Last week, security researcher Karan Saini, of the security information site Secure7, found the vulnerability and informed T-Mobile of the glitch. T-mobile removed the flaw and offered Saini $1,000 as part of the company’s Bug Bounty program.
In an online chat, Saini told Motherboard that a hacker exploiting this flaw could have easily collected the data from millions of people.
“T-Mobile has 76 million customers, and an attacker could have ran a script to scrape the data (email, name, billing account number, IMSI number, other numbers under the same account which are usually family members) from all 76 million of these customers to create a searchable database with accurate and up-to-date information of all users,” said Saini.
T-Mobile contends that a widespread breech of its customers’ personal and phone information did not occur, telling Motherboard that “There is no indication that it was shared more broadly.”

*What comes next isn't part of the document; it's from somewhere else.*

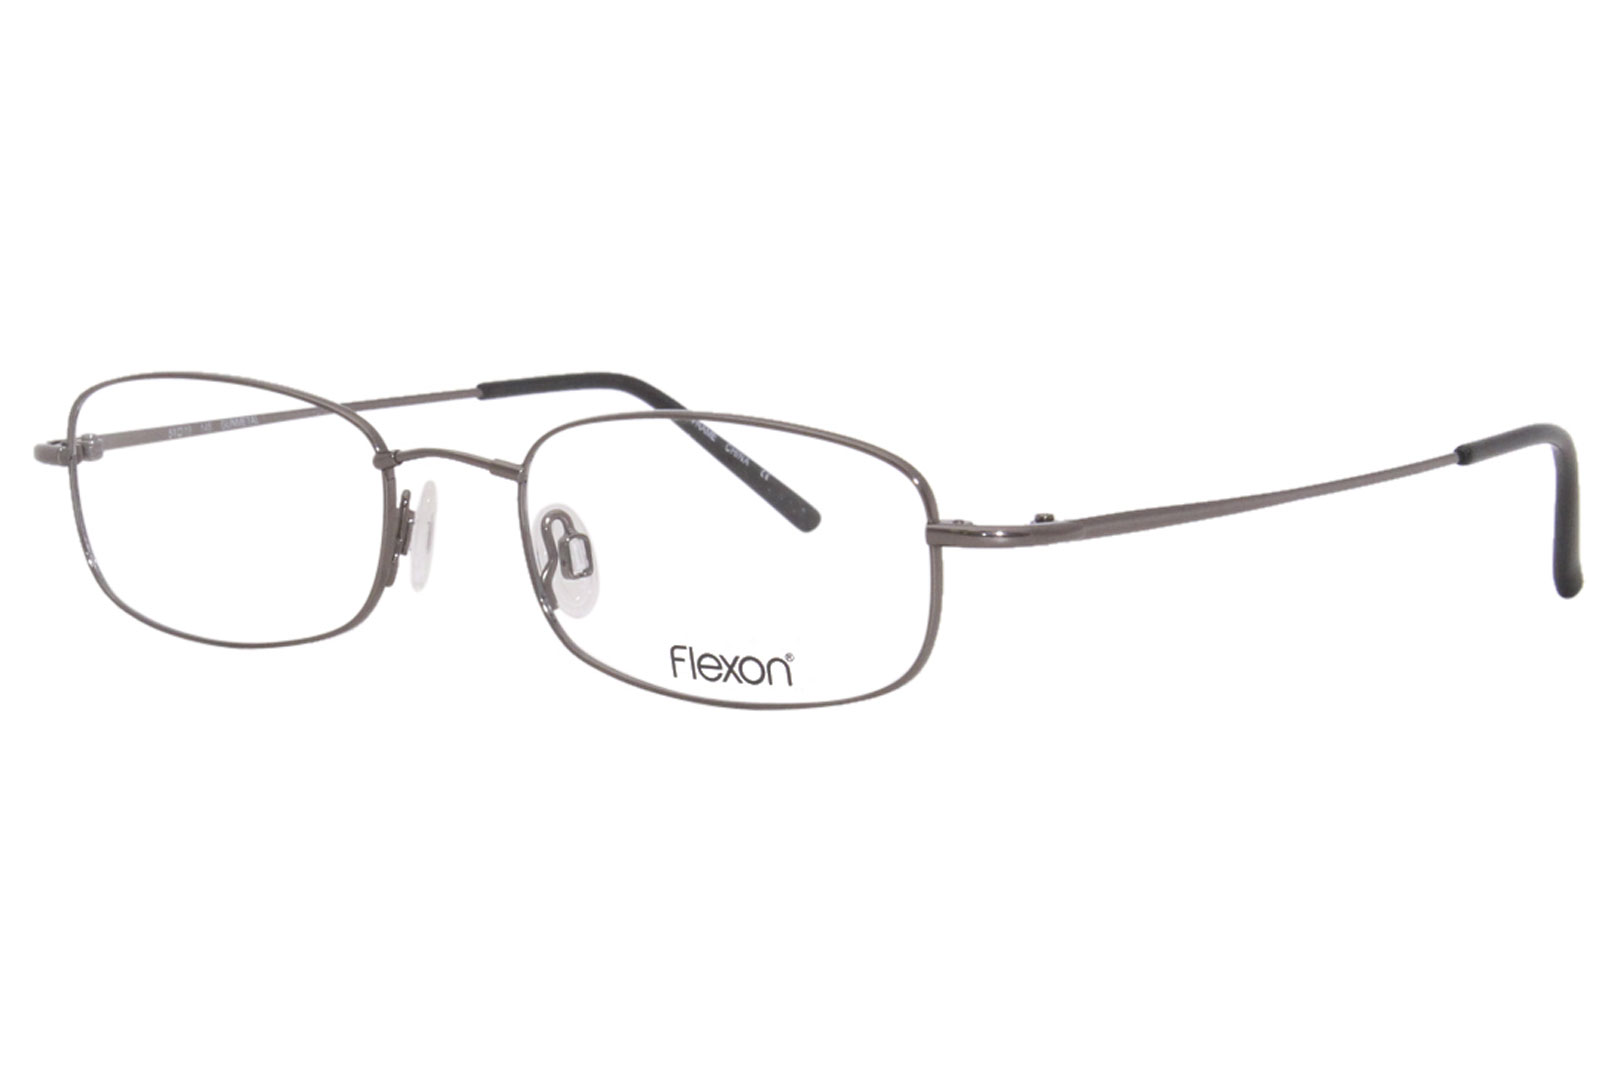 Flexon 603 Eyeglasses Men's Full Rim Rectangular Optical Frame ...

Yesterday, however, an anonymous hacker informed Motherboard that hackers had been exploiting the T-Mobile glitch for quite some time. Unsettlingly, this anonymous source sent a Motherboard reporter a screenshot the reporter’s own account data, supposedly accessed from the site’s security flaw.
Mashable has reached out to T-Mobile for comment about this breech, and will update the story if we hear back.